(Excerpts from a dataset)
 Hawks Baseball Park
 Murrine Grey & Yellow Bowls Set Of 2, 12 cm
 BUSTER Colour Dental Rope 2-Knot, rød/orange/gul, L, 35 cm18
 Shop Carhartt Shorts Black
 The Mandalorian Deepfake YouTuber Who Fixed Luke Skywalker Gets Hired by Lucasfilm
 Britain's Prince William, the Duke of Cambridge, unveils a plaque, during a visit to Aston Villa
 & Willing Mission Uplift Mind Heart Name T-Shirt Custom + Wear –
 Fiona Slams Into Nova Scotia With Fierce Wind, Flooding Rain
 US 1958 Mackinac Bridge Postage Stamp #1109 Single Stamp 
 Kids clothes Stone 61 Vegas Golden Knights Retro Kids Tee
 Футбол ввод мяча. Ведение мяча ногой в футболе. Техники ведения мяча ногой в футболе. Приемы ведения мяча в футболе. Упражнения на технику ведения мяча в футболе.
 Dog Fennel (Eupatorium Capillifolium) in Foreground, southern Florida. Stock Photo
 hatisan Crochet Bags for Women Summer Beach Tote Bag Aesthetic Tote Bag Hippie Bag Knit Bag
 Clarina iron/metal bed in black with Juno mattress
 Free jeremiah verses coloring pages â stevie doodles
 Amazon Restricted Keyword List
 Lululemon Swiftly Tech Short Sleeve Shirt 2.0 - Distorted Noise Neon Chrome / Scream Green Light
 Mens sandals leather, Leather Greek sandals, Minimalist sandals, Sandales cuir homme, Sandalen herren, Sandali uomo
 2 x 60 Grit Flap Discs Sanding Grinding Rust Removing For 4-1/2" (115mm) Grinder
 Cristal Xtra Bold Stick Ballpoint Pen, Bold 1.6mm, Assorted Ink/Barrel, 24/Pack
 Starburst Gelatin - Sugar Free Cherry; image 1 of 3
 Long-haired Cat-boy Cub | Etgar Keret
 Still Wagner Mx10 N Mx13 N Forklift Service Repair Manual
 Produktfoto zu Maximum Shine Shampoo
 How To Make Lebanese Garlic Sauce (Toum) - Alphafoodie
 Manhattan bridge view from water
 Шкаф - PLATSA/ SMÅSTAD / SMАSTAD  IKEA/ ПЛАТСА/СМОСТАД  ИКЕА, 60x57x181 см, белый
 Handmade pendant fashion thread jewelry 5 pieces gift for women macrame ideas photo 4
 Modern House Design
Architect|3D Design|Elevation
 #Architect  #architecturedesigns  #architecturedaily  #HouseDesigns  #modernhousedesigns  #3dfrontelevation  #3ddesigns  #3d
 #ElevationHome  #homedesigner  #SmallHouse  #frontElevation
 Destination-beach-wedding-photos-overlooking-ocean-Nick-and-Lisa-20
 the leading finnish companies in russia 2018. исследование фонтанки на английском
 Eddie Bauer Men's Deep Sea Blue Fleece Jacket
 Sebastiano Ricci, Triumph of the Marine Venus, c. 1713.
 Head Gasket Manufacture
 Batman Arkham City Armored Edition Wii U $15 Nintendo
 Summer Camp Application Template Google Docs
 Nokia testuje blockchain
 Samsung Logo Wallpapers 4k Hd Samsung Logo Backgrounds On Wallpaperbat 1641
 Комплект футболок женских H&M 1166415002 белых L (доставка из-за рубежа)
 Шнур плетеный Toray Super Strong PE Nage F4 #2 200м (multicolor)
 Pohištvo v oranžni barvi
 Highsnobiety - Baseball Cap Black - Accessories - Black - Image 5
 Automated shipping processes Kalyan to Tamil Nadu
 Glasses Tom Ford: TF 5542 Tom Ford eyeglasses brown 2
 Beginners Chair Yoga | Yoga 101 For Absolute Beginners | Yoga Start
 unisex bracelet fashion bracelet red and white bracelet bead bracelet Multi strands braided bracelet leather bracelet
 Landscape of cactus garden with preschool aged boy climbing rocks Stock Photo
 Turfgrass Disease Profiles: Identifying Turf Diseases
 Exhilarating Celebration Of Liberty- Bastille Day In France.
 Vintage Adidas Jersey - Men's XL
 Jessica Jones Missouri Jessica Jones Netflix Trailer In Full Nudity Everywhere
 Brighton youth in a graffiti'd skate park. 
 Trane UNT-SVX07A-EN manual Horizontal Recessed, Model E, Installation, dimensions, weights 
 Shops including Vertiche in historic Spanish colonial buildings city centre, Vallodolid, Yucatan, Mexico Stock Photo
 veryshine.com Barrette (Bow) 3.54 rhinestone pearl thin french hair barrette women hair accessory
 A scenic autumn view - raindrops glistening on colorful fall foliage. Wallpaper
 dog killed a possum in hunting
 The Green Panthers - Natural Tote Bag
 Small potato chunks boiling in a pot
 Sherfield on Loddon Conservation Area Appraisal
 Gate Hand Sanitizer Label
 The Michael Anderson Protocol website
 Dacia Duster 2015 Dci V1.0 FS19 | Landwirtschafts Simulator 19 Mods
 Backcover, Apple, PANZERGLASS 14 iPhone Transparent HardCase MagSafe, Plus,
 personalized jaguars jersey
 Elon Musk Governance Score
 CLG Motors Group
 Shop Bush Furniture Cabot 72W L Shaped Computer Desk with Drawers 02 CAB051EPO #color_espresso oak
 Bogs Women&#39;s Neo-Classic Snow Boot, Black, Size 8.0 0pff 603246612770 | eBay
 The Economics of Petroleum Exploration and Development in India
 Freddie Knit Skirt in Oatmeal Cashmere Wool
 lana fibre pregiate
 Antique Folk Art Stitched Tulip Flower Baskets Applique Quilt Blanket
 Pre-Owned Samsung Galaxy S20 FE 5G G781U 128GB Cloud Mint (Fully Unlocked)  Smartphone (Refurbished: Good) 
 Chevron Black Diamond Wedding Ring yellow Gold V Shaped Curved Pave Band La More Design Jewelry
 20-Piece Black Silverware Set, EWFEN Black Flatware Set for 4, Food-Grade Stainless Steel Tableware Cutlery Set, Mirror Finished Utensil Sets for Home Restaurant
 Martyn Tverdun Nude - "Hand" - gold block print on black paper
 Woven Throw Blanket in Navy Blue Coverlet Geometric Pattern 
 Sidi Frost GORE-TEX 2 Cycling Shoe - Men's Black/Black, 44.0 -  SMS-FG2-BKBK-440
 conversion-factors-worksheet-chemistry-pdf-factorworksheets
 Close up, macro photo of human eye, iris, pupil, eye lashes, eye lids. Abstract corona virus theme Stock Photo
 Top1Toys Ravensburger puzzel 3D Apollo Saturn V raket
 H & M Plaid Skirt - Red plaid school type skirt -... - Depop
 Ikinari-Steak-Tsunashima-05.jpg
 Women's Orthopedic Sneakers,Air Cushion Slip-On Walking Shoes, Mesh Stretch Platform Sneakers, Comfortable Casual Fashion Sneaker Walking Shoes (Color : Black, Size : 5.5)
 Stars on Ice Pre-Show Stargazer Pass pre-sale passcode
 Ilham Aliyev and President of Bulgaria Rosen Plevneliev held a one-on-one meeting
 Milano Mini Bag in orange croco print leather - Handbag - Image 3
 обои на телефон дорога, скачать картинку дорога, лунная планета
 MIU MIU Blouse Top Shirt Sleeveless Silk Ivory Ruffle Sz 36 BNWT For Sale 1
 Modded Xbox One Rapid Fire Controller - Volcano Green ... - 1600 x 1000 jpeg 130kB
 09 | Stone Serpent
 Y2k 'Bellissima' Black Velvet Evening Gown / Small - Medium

The problem
Could you return all lines from the data above that contain the string "Size"?

Response to the exercise
 Bogs Women&#39;s Neo-Classic Snow Boot, Black, Size 8.0 0pff 603246612770 | eBay
 Women's Orthopedic Sneakers,Air Cushion Slip-On Walking Shoes, Mesh Stretch Platform Sneakers, Comfortable Casual Fashion Sneaker Walking Shoes (Color : Black, Size : 5.5)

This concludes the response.